Peace talks to expand a Muslim autonomous region collapsed last August when Christian communities, who feared they would lose land and power, asked the Supreme Court to block the deal.
The military said the offensives have been directed at three rebel commanders who went on a deadly rampage in Christian communities after the self-rule deal in Mindanao region was abandoned.
Army Colonel Medardo Geslani said government forces had killed 93 rebels and recovered 45 bombs from several captured encampments in about a dozen offensives since June 4.
The military operations targeted guerrillas led by Ameril Umbra Kato, who remains at large, Geslani told reporters.
"We are in the process of methodically destroying" Kato's forces, he said.
Military spokesman Lieutenant Colonel Romeo Brawner said the offensives focused on the marshy municipality of Guindulongan and Talayan in Maguindanao, an impoverished Muslim province in central Mindanao where rebels have been fighting for self-rule since the 1970s.
Rebel spokesman Eid Kabalu disputed the military's claims, saying not one guerrilla had been killed in the Maguindanao clashes this month but that nine were wounded.
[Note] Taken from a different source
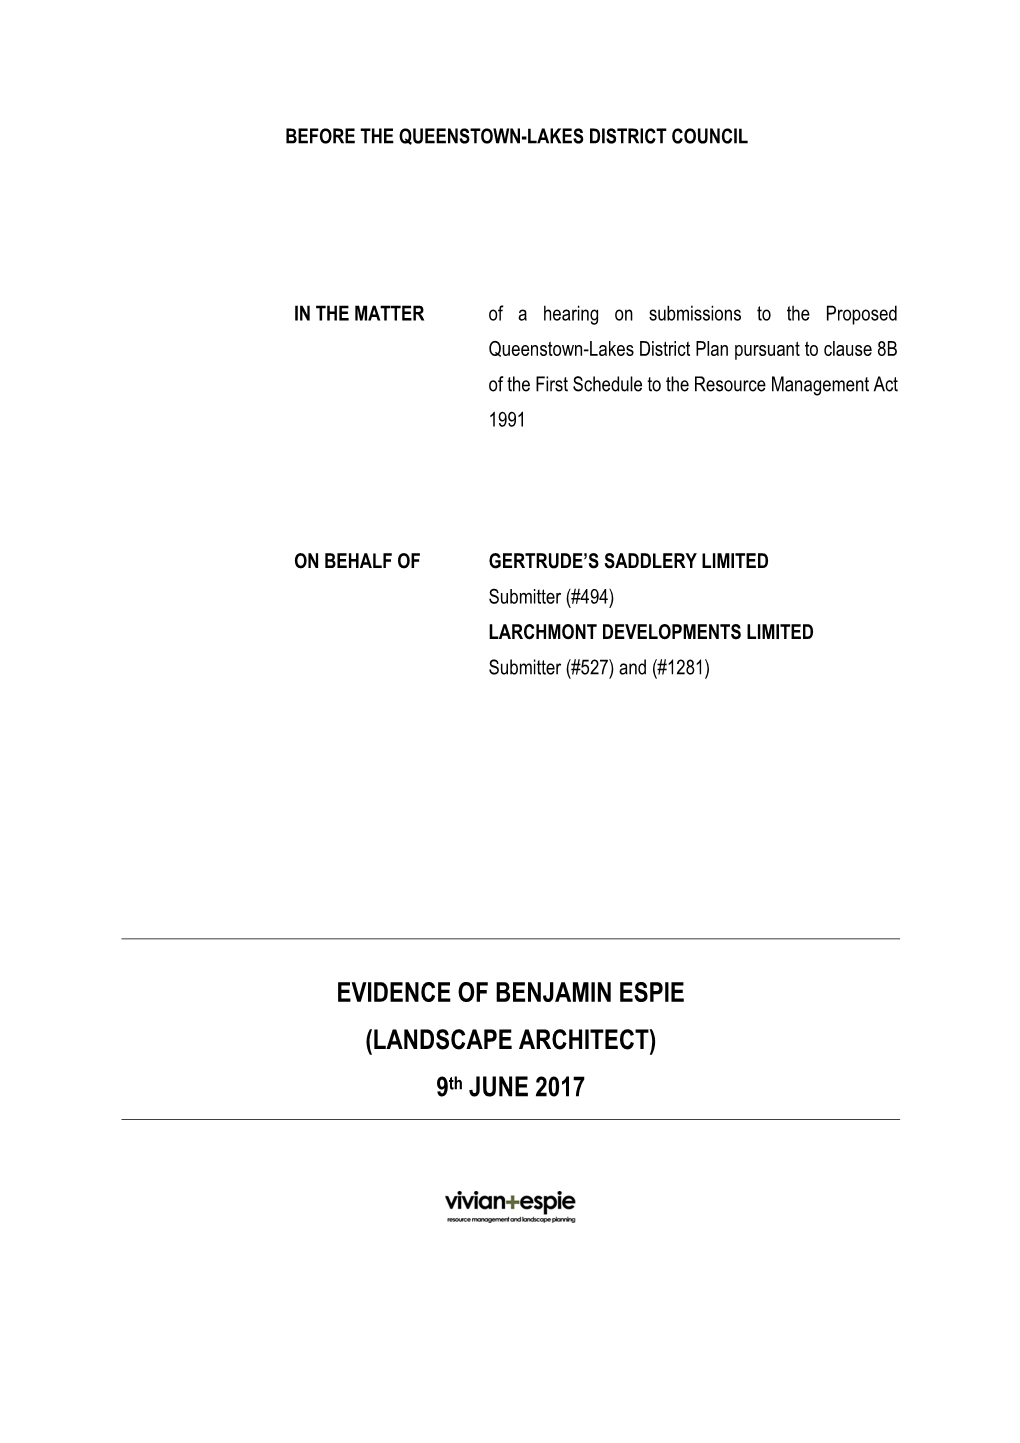 EVIDENCE of BENJAMIN ESPIE (LANDSCAPE ARCHITECT) 9Th JUNE 2017

He said the military could be padding its combat reports to cover up its failure to capture the three commanders.
Kabalu urged international human rights groups to investigate the military offensives, alleging thousands of villagers had been displaced and that troops had killed civilians whom they suspected of supporting the rebels.
Leila de Lima, chairwoman of the Philippine Commission on Human Rights, said her office would look into the allegations. (AP)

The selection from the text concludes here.